• _WHAT YOU NEED TO DO_
Copy nothing from the entries below except the lines from the one containing "Texas Holdem Poker" through the one containing "Private Henry Allen", and copy those exactly.

• _RECORDS_

§ §

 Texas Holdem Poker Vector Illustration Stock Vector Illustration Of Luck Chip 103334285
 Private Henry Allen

§ §

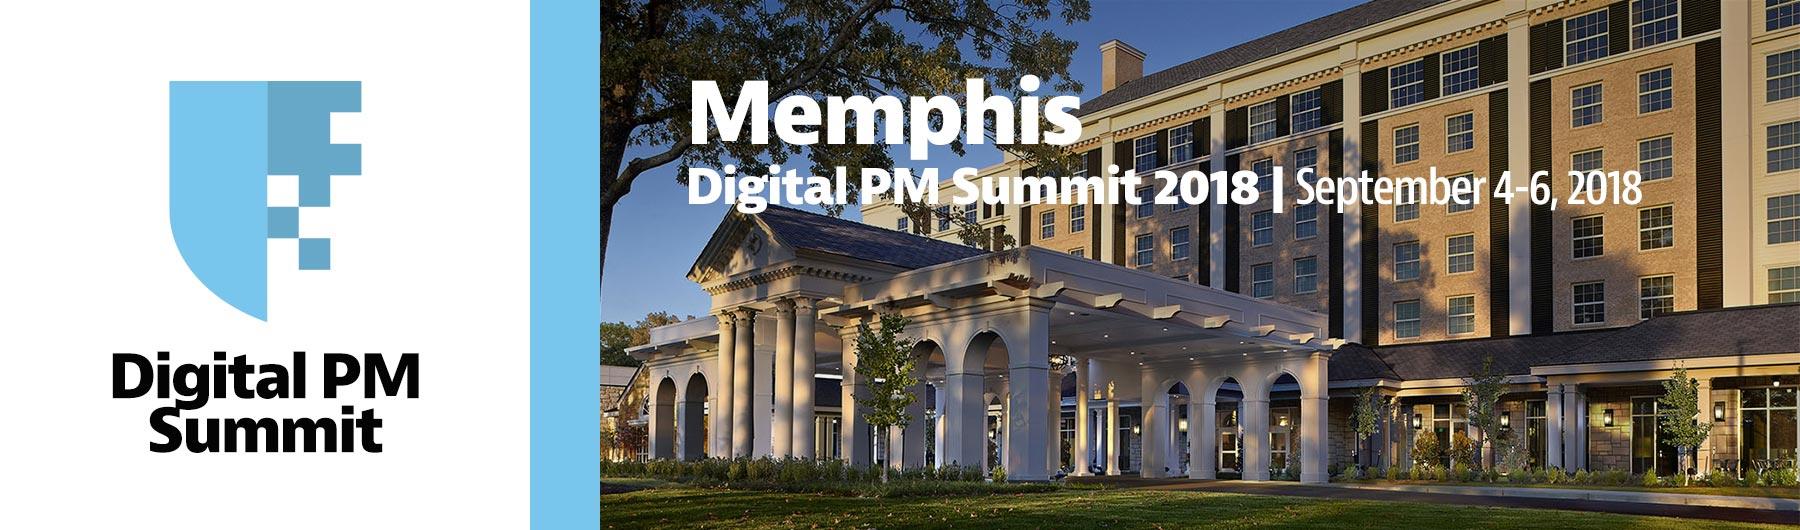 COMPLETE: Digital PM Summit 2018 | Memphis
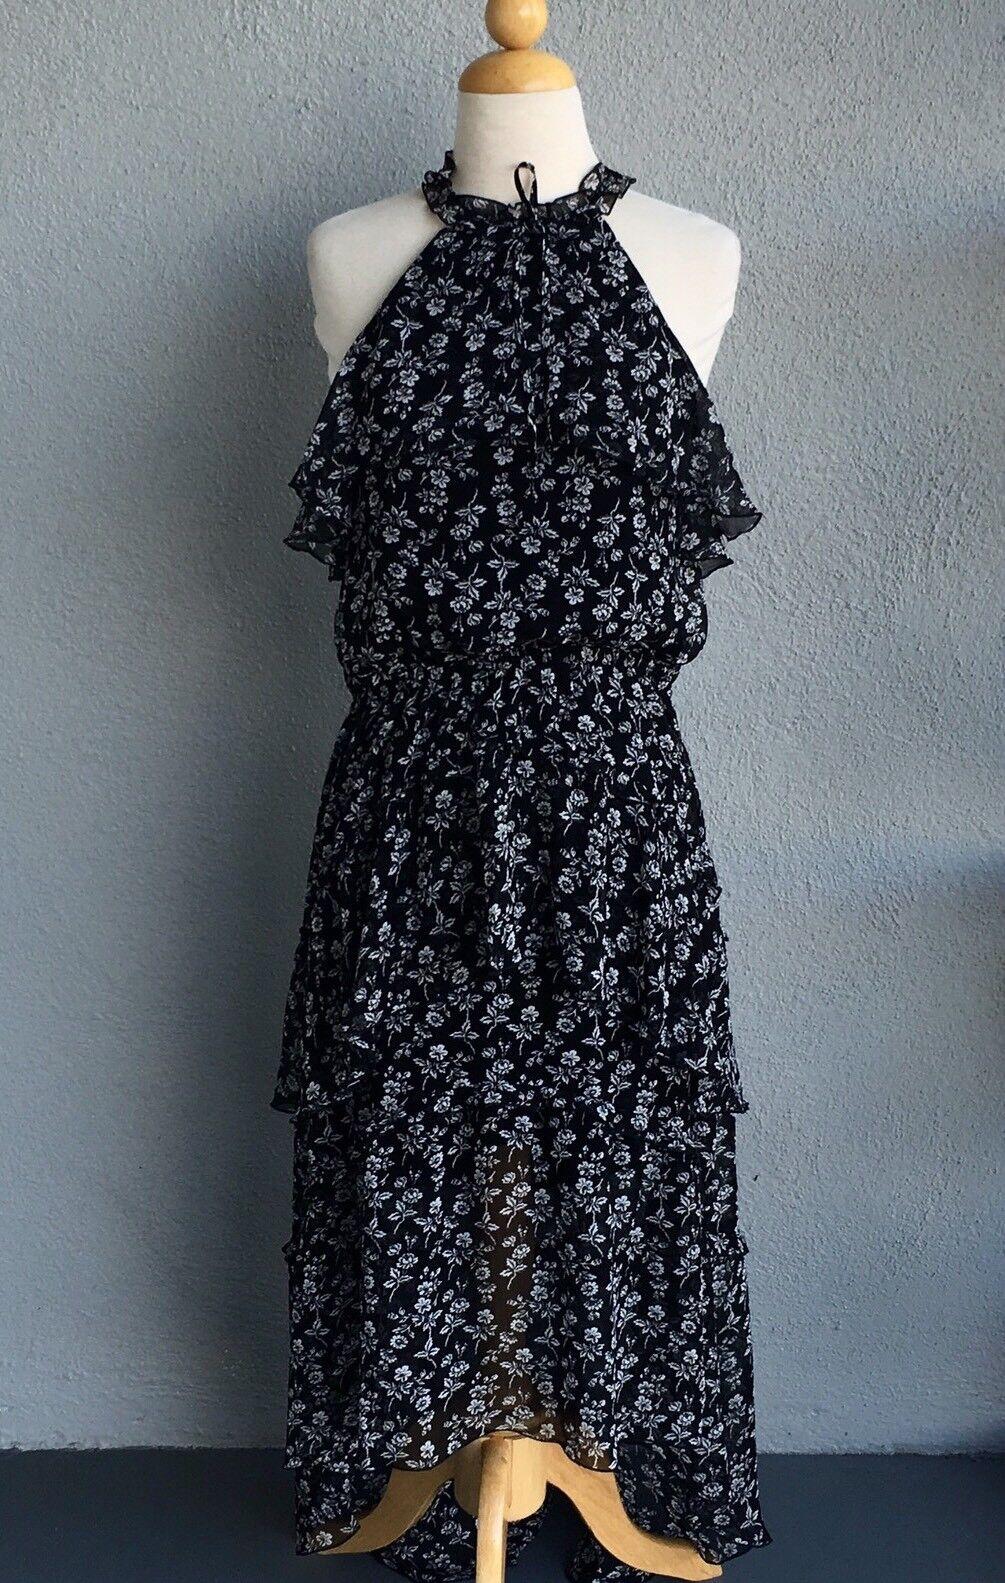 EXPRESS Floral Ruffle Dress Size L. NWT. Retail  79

§ §

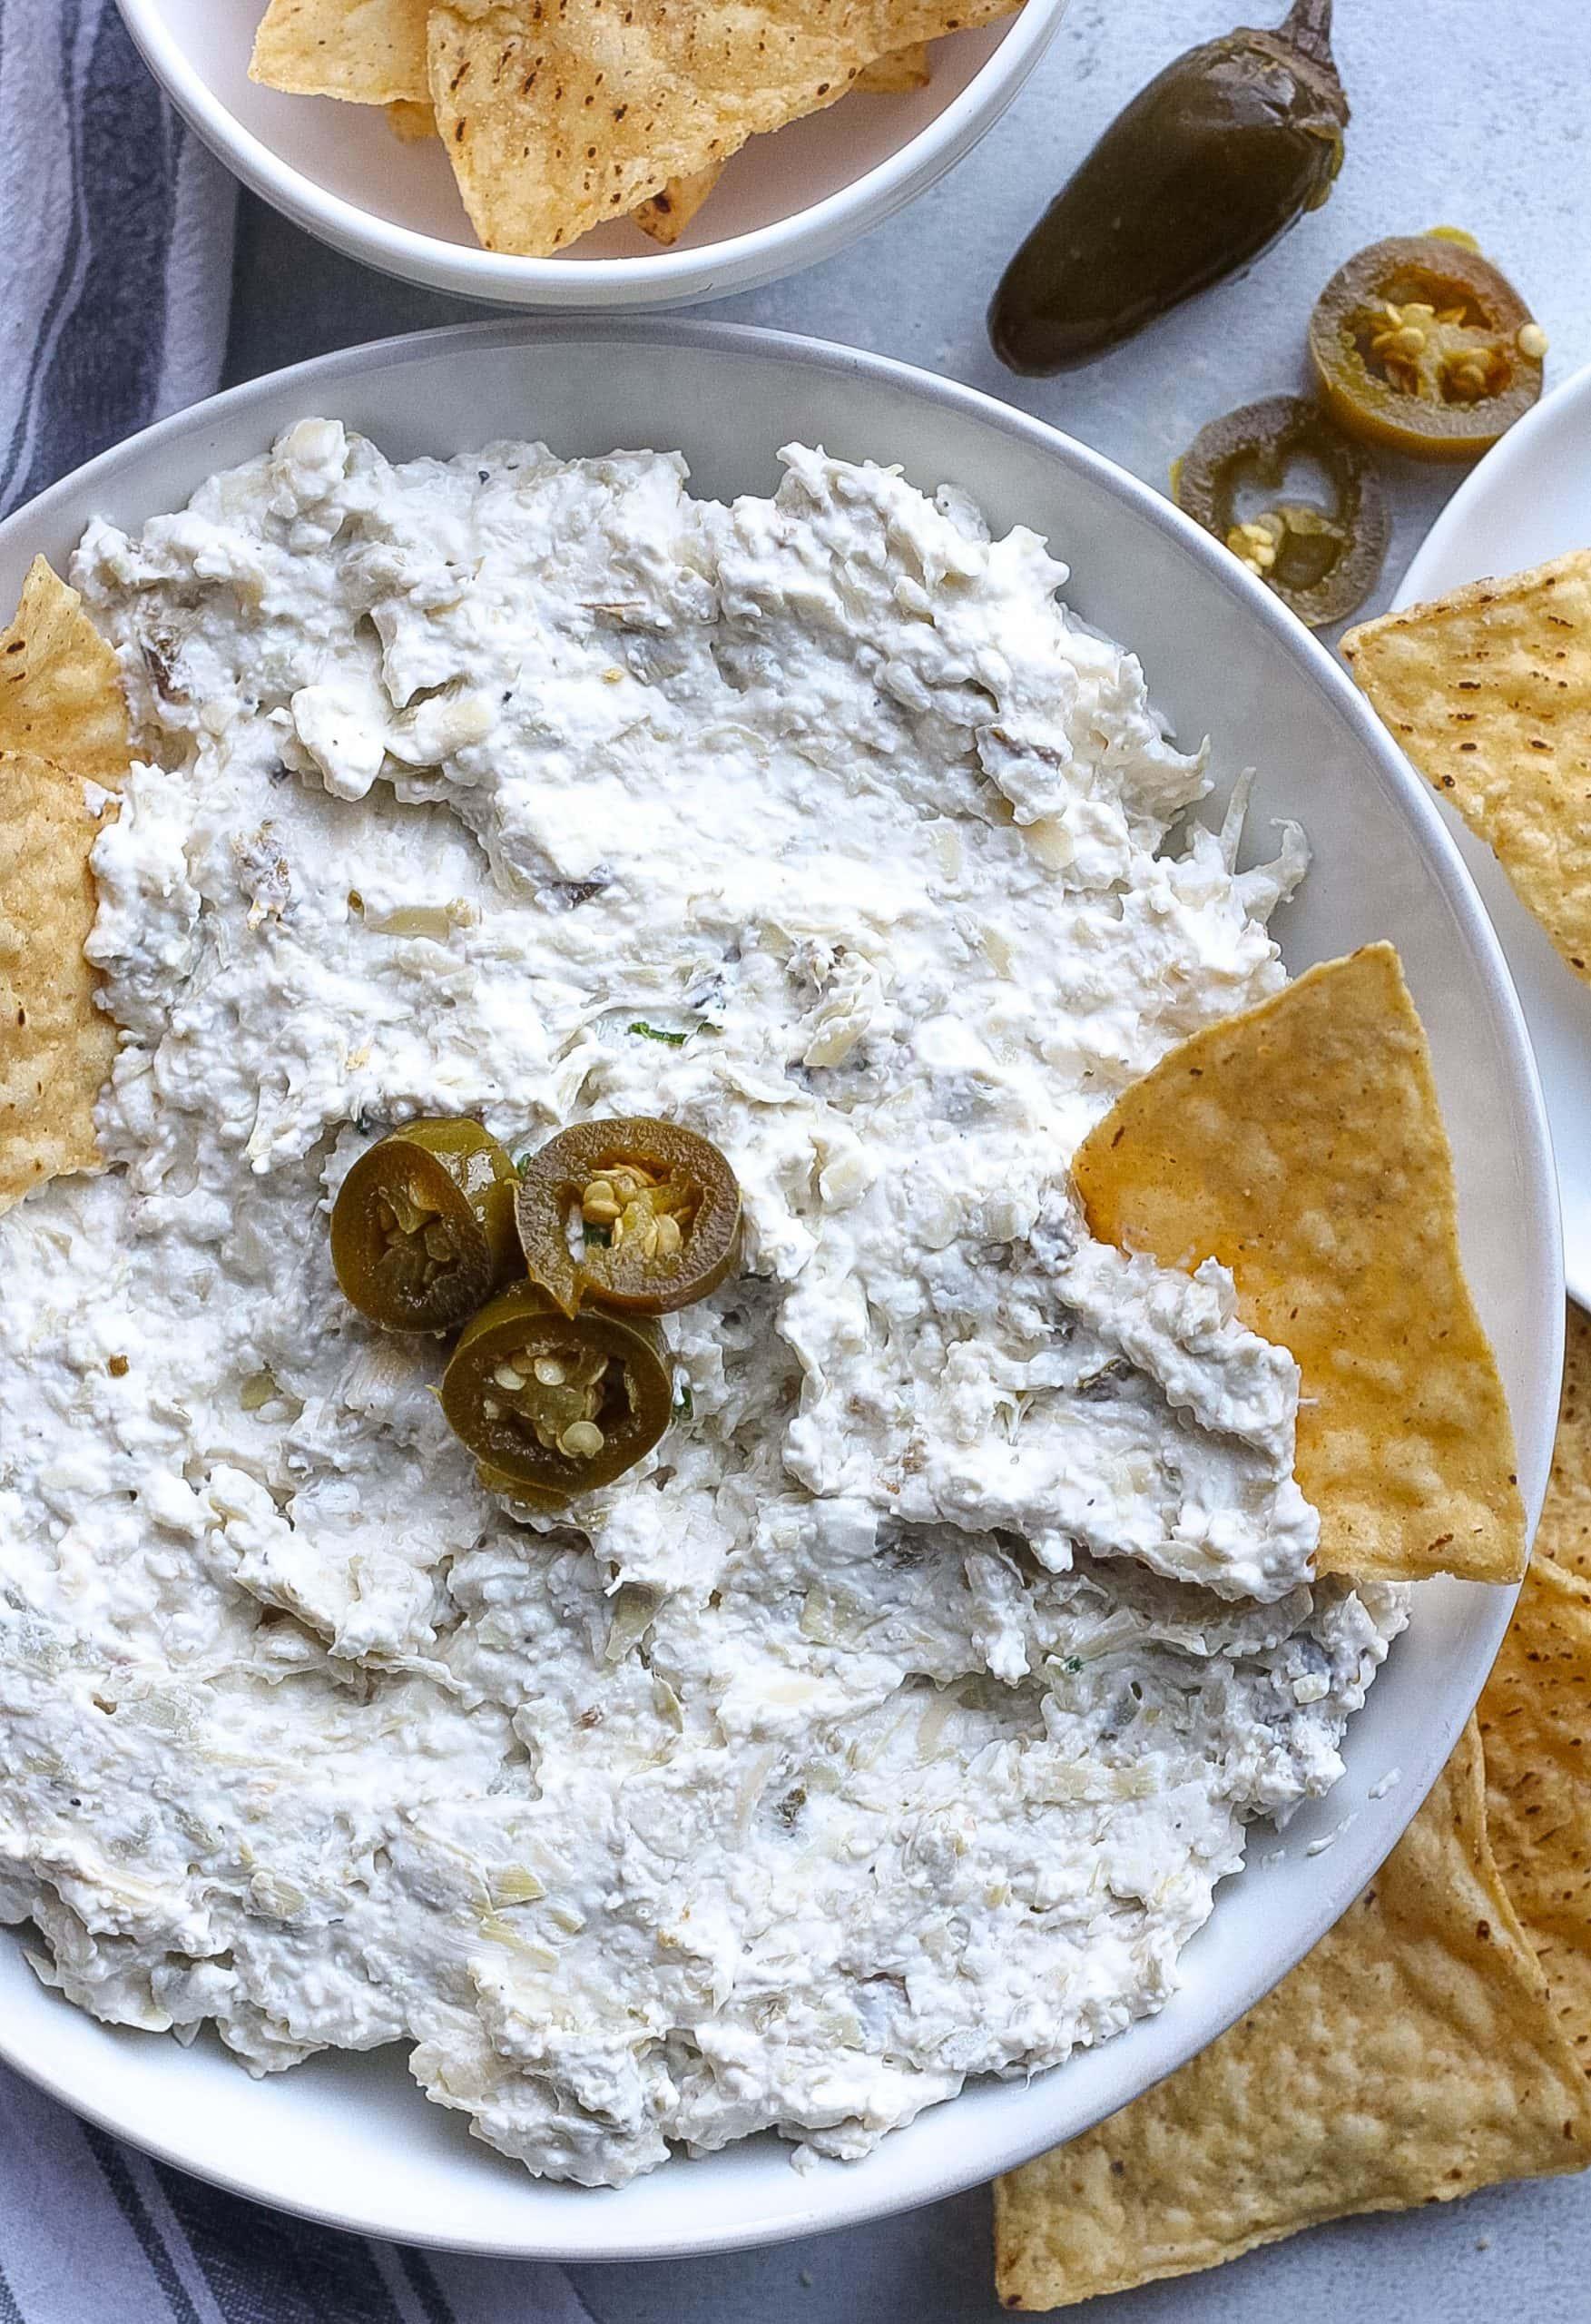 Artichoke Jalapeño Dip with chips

§ §

• _EXPECTED OUTPUT_
 Texas Holdem Poker Vector Illustration Stock Vector Illustration Of Luck Chip 103334285
 Private Henry Allen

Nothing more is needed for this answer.